Here we are discussing question 19 at the bottom of the picture above.
This kind of ACT English question can be quite tough. All the more important to know how to tackle it. The trick is always to do exactly what the question asks. So, what does the question ask? What does it want you to do?
The question asks you to find what best goes together with the first part of the sentence. First thing to do: find the main point of the first part of the sentence. What is it? He is quite nervous.
Now we just need to find the option that contains the best explanation for his nervousness. One important condition: it has to be a literal explanation. The explanation needs to be contained in the words of the option. The reason why many students go wrong on this kind of question is that they thing that some of the options could imply the right answer. But these are not questions that ask you to make any deductions; it is pure and simply about the words. Each option contains five or six words, so finding the right option is really not that tough if you go about it correctly.
C and D do not contain any words that could help to explain why he is nervous. By implication they could explain his nervousness; i.e. he is nervous because he does not know the United States, or because he does not know his parents. But this is not what the question is about.
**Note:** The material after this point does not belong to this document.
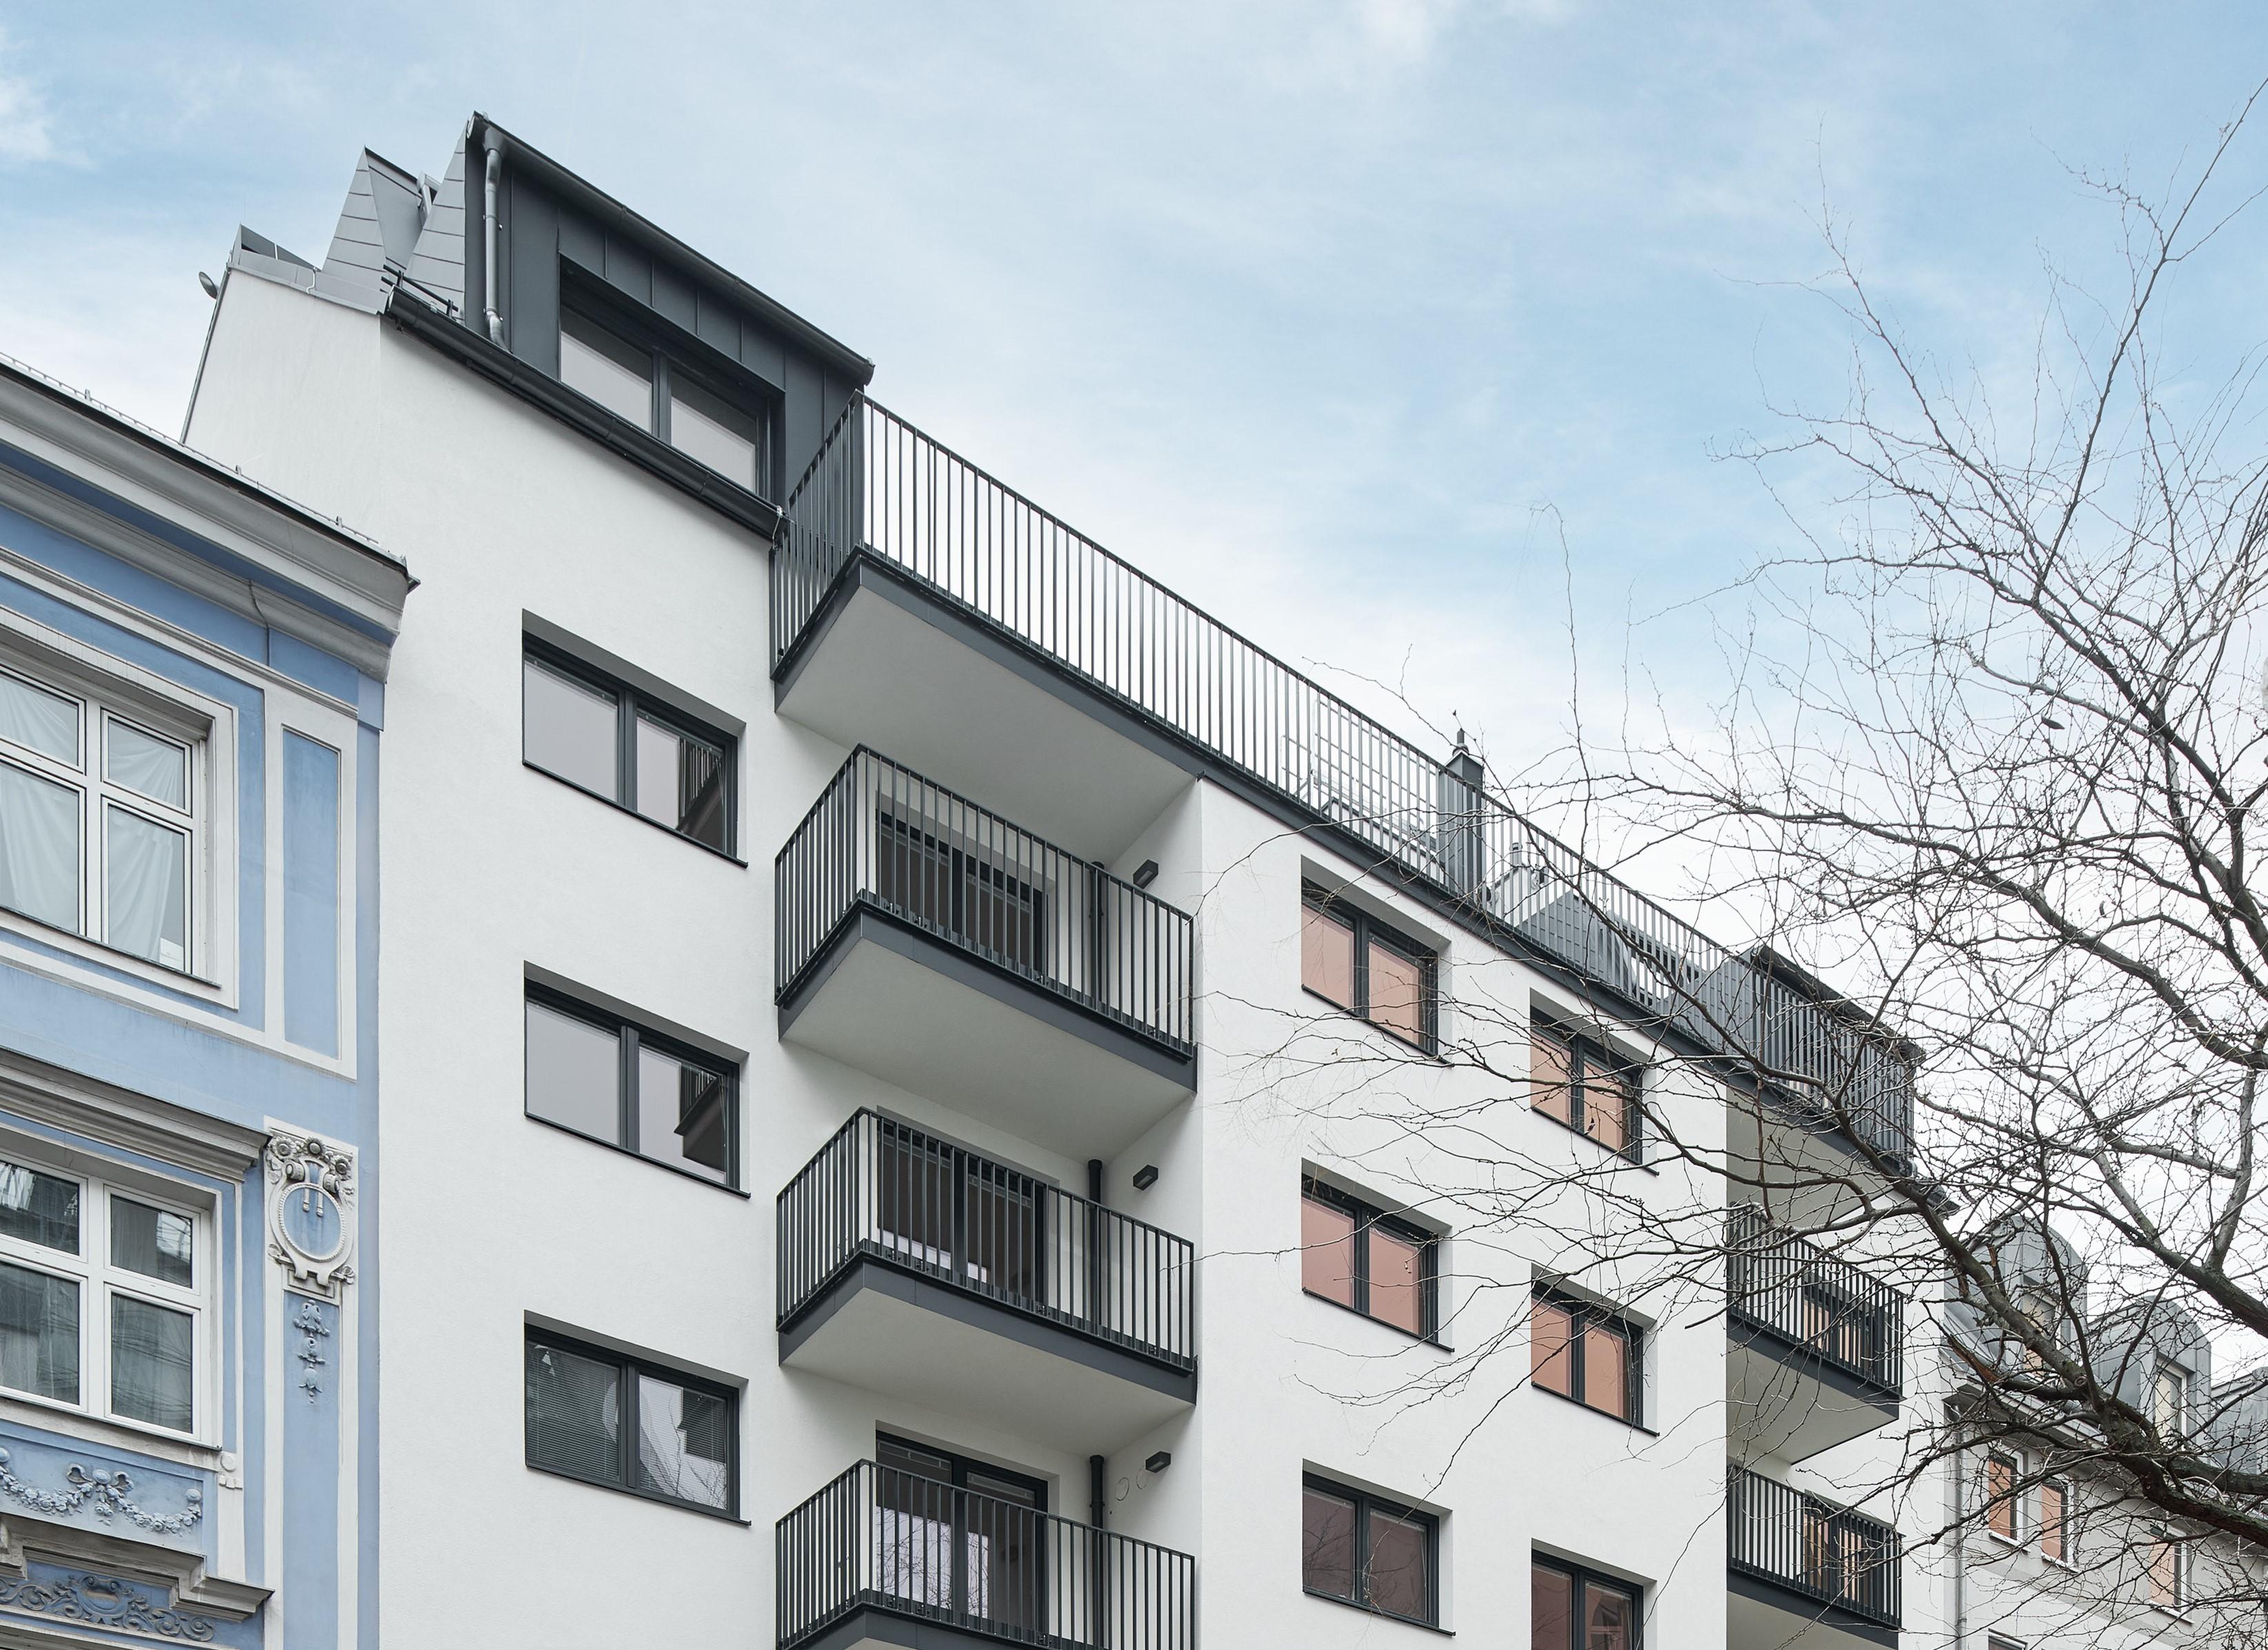 Schlüsselübergabe bei Niedrigenergie-Neubau in Favoriten

It is really between A and B. So, what does it really mean to be nervous? When do you get nervous? When you don't know something. When things are not sure. This makes it clear that A creates the most logical link with the previous part of the sentence. He does not remember, so he gets nervous. Missing his parents is not really the most logical connection. If B was the right option, the passage would need to contain something like 'I cannot wait to see them'; this would really logically connect with the word 'missing'. It is all about the words. Once you use the words, finding the right options comes naturally.